▸ WORK TO BE COMPLETED
What you give back must match the records below word for word.

Recorded data:
────────────────────────────────────────
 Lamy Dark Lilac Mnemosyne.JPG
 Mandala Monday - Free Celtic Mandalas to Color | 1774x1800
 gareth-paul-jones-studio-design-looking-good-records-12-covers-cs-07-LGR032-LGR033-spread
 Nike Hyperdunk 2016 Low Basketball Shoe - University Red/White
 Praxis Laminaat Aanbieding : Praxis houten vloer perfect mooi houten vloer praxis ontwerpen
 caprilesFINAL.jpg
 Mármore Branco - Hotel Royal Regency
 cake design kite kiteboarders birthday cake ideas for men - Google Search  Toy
────────────────────────────────────────
▸ RESPONSE TO THIS EXERCISE
 Lamy Dark Lilac Mnemosyne.JPG
 Mandala Monday - Free Celtic Mandalas to Color | 1774x1800
 gareth-paul-jones-studio-design-looking-good-records-12-covers-cs-07-LGR032-LGR033-spread
 Nike Hyperdunk 2016 Low Basketball Shoe - University Red/White
 Praxis Laminaat Aanbieding : Praxis houten vloer perfect mooi houten vloer praxis ontwerpen
 caprilesFINAL.jpg
 Mármore Branco - Hotel Royal Regency
 cake design kite kiteboarders birthday cake ideas for men - Google Search  Toy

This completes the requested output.